IMPORTANCE OF THE CASE After this historic decision it can be said that the Apex court has cleared all the impediments which were impeding the cause of social Justice and the public interest litigation has come to stay as a major strategy for justice to weaker segments of society. It is not only confined to violation of fundamental rights but to redress any legal wrong or injury actually caused or threatened. Due to this case the judges of the Supreme Court of India got rid of any pre-conceived notions or ideas and interpreted the Constitution as it is and not as they thought it ought to be. They could have found some reason for bending the language of the Constitution to their will, if they wanted, but that would have been rewriting the Constitution in the guise of interpretation. Great cases like hard cases make bad law. For great cases are called great, not by reason of their real importance in shaping the law of the future, but because of some accident of immediate overwhelming interest which appeals to the feelings and distorts the judgment, These immediate interests exercise a kind of hydraulic pressure which makes what previously was clear seem doubtful, and before which even well settled principles of law will bend. Holmes, J. Even though the judges of the Apex court paid heed to this statement, then also the importance of this case cannot be eclipsed. The broadening of the doctrine of locus standi is the basic and the most significant advantage of this case. Though this case established the supremacy of the executive but the guidelines offered by this case in the field of public interest litigation were of utmost enormity. The study of public interest litigation cannot be wholly completed without the study of this case.

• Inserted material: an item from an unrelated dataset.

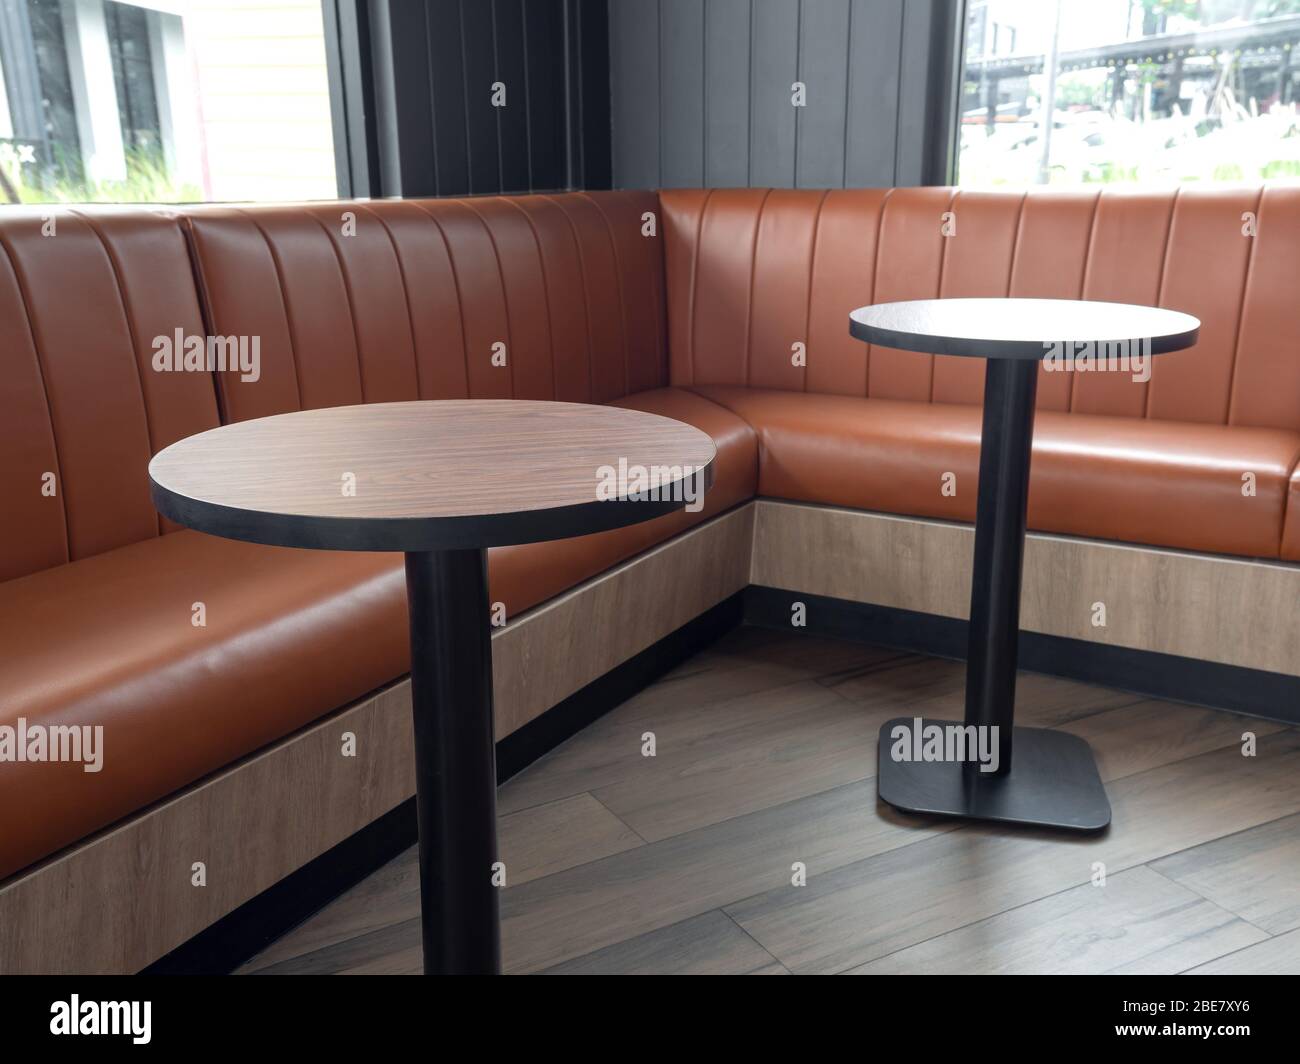 Decoración de muebles en estilo café retro. Mesas redondas vacías de madera  y sofá de cuero naranja en el suelo de madera con luz natural Fotografía de  stock - Alamy

CONCLUSION Taking note of Constitutional mandate and the changing trends in the Indian society, the judiciary has, by this case, evolved a new strategy to provide social justice to the poor and under-privileged who have remained oppressed and exploited over the years.

The major problems of social justice were brought before the court, by way of public interest litigation such as prison atrocities, sufferings of women, injustice to labourers, exploitation of children, miserable plight of harijans, problems of drug abuse and instances of administrative lapses or excesses etc. Undoubtedly the Courts through public interest litigation and apparently these types of cases are doing yeoman service to society in general and to the neglected and oppressed poor in particular but in absence of effective enforcing machinery one really wonders as to what fruitful purpose it is going to serve. Mere pronouncements are hardly going to heal the wounds of the victim. Despite some pitfalls the fact remains that has created a ray of hope in the realm of justice system and in view of innumerable divergent problems of Indian society. It may usefully serve as a candle in the darkness of injustice. An observation of David Hume is worthy of note in the end though: To balance a large State of society whether Monarchical or Republican, on general laws, is a work of so great difficulty that no human genius however comprehensive, is able by the mere dint of reason and reflection, to affect it. The judgments of many should unite in this work; experience must guide their labour; time must bring it to perfection; and the feeling of inconvenience must correct the mistakes which they inevitably fall into in their first trials and experiments.